** TASK DIRECTIONS **
Please reproduce the data exactly, excluding any pictures it contains.

** INPUT DATA **
------------------------

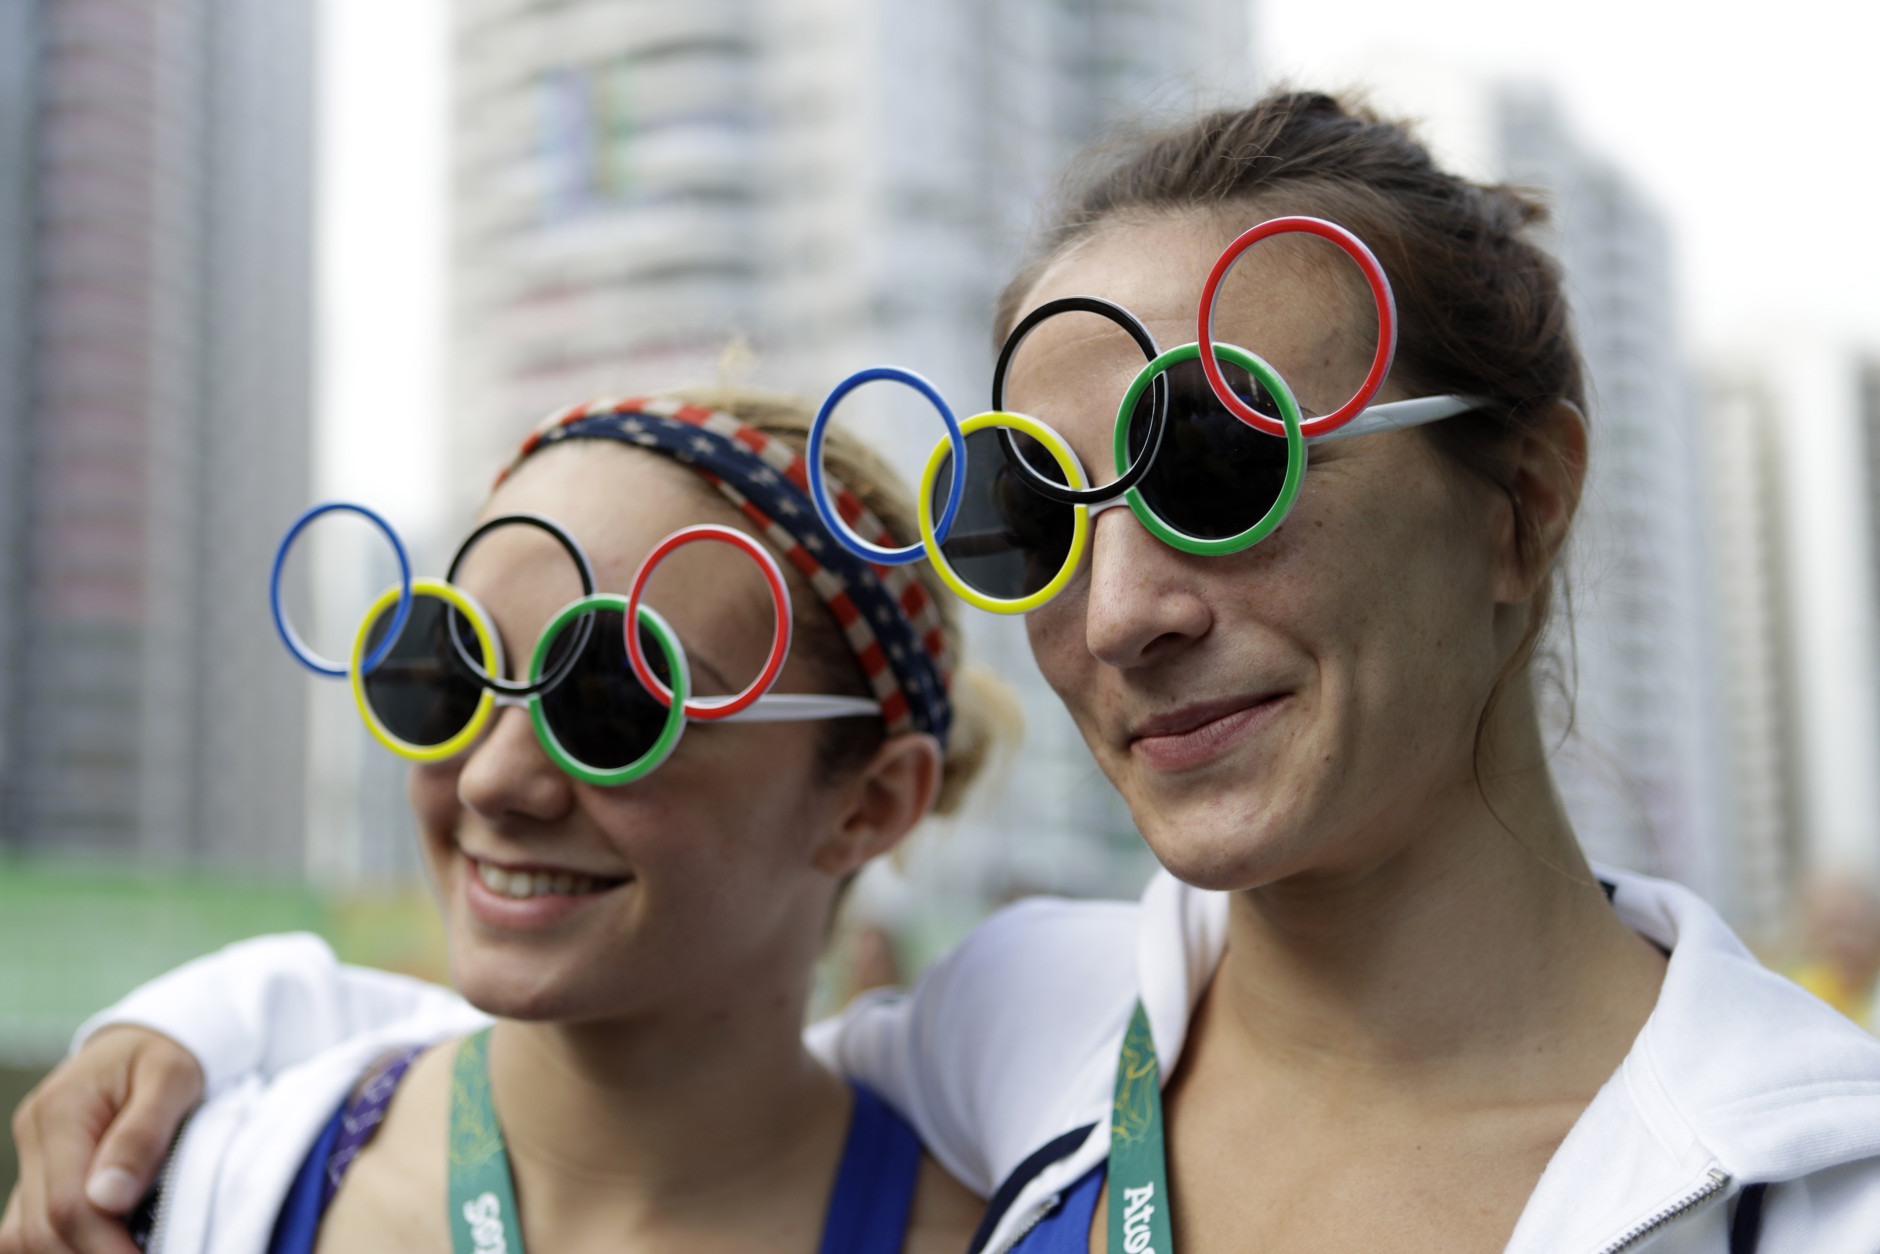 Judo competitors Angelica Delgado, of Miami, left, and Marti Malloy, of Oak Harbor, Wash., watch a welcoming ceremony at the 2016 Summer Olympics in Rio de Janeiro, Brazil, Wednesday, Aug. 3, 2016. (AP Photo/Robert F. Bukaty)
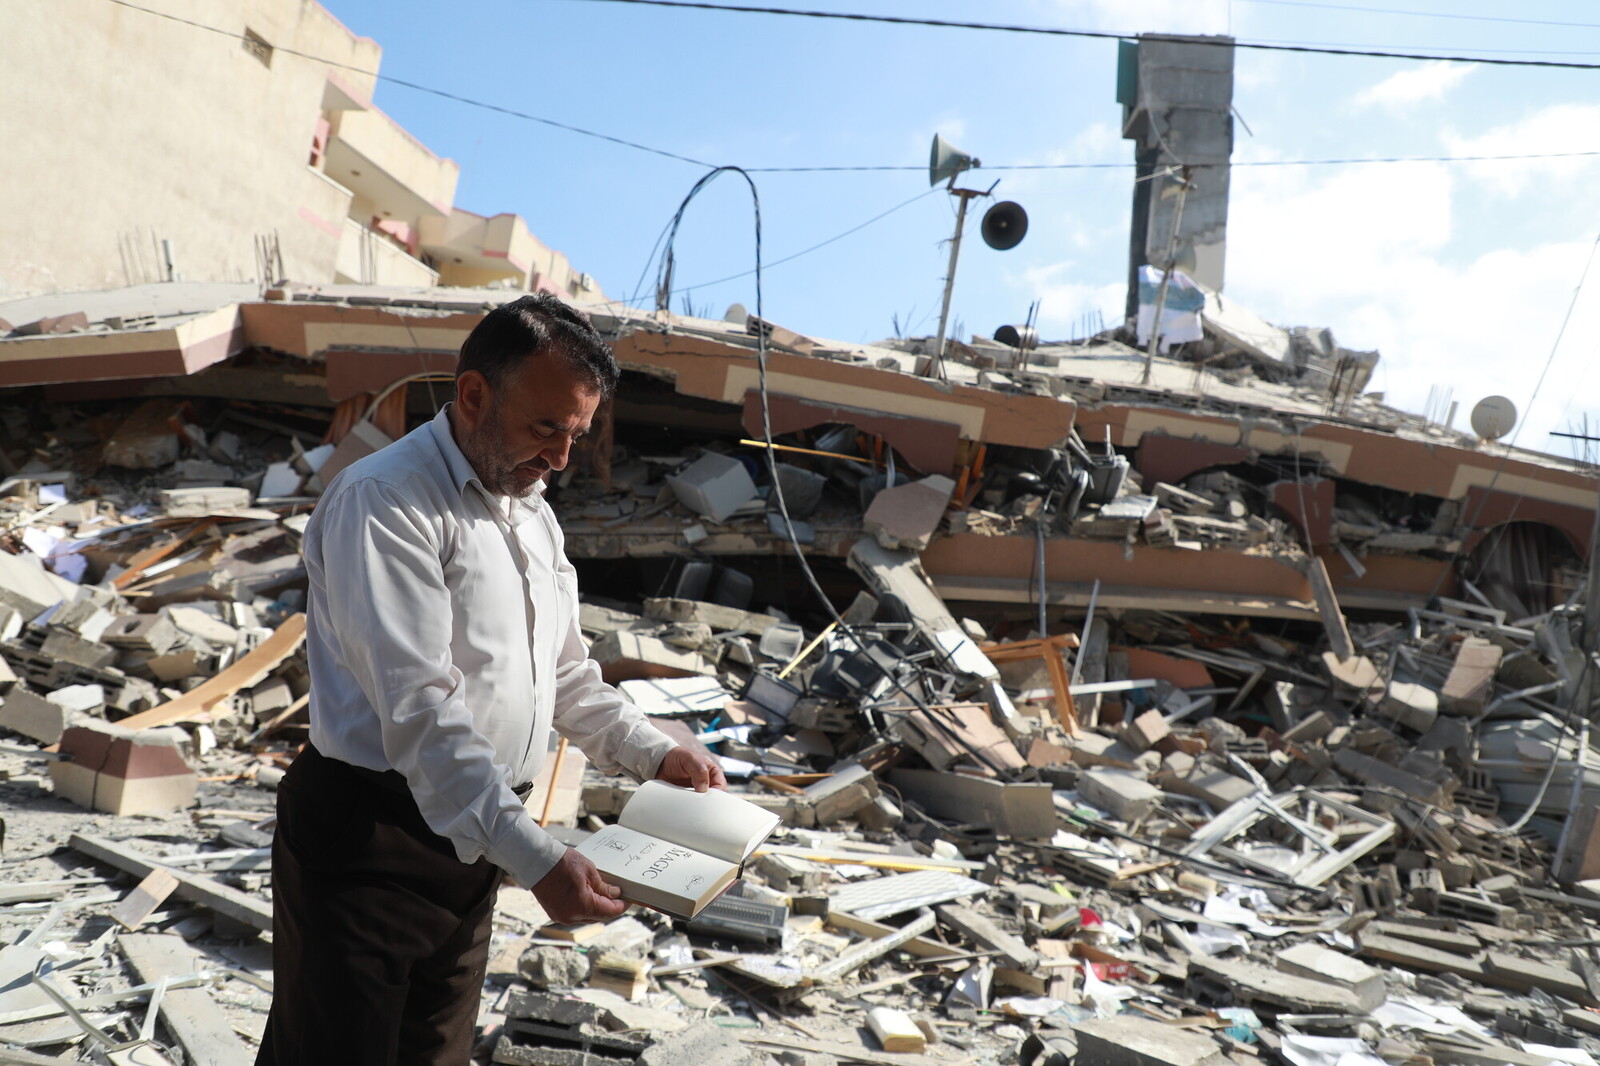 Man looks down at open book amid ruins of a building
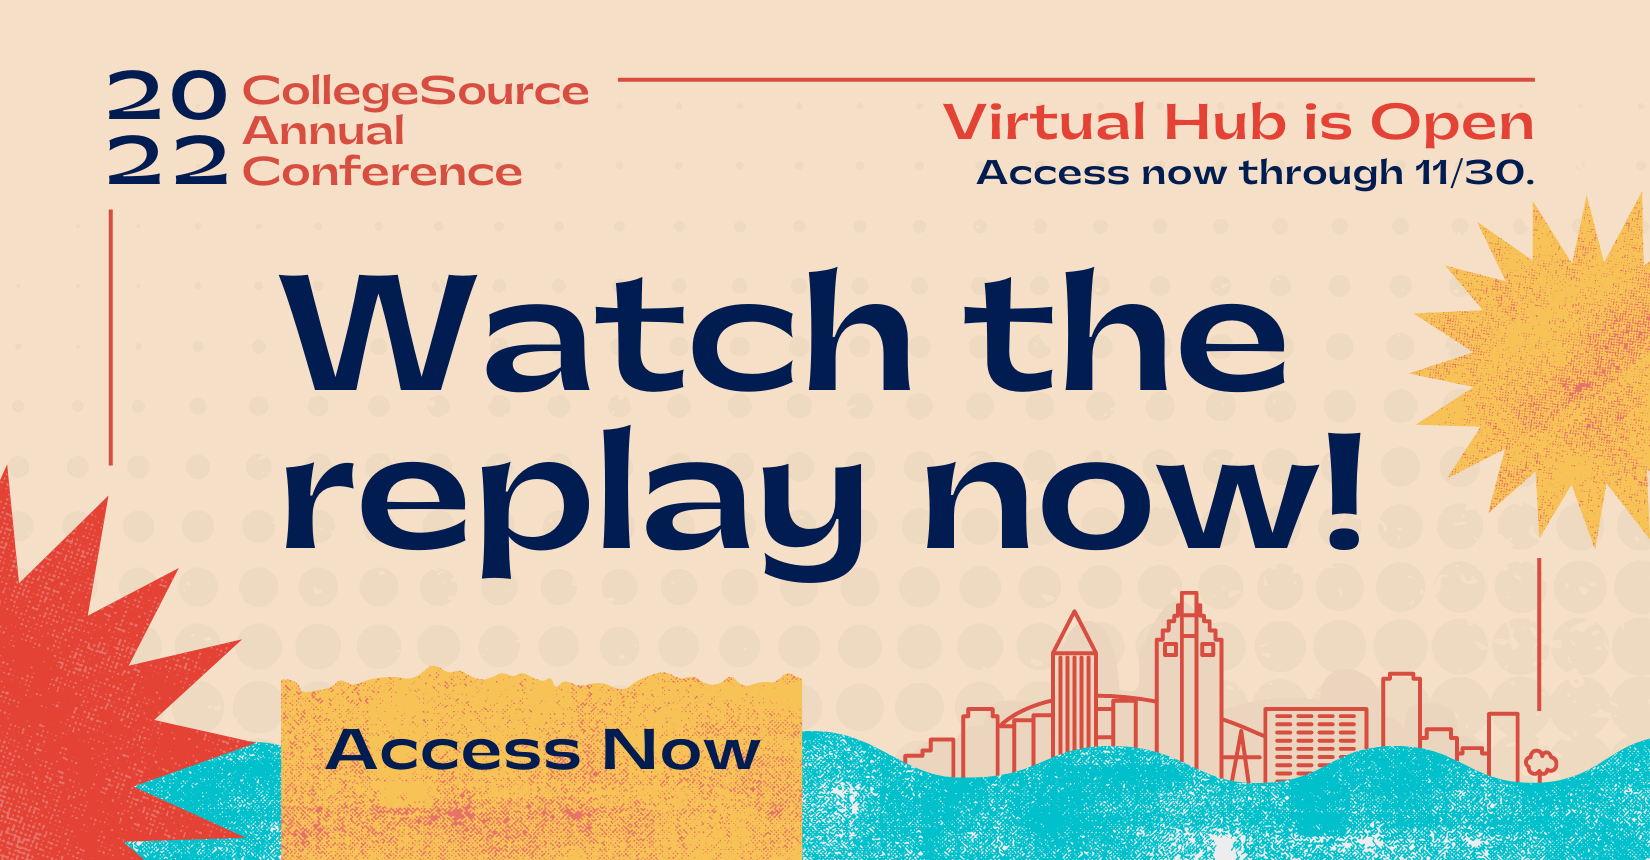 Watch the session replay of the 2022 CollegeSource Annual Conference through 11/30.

------------------------

** SOLUTION TO THIS TASK **
 Judo competitors Angelica Delgado, of Miami, left, and Marti Malloy, of Oak Harbor, Wash., watch a welcoming ceremony at the 2016 Summer Olympics in Rio de Janeiro, Brazil, Wednesday, Aug. 3, 2016. (AP Photo/Robert F. Bukaty)
 Man looks down at open book amid ruins of a building
 Watch the session replay of the 2022 CollegeSource Annual Conference through 11/30.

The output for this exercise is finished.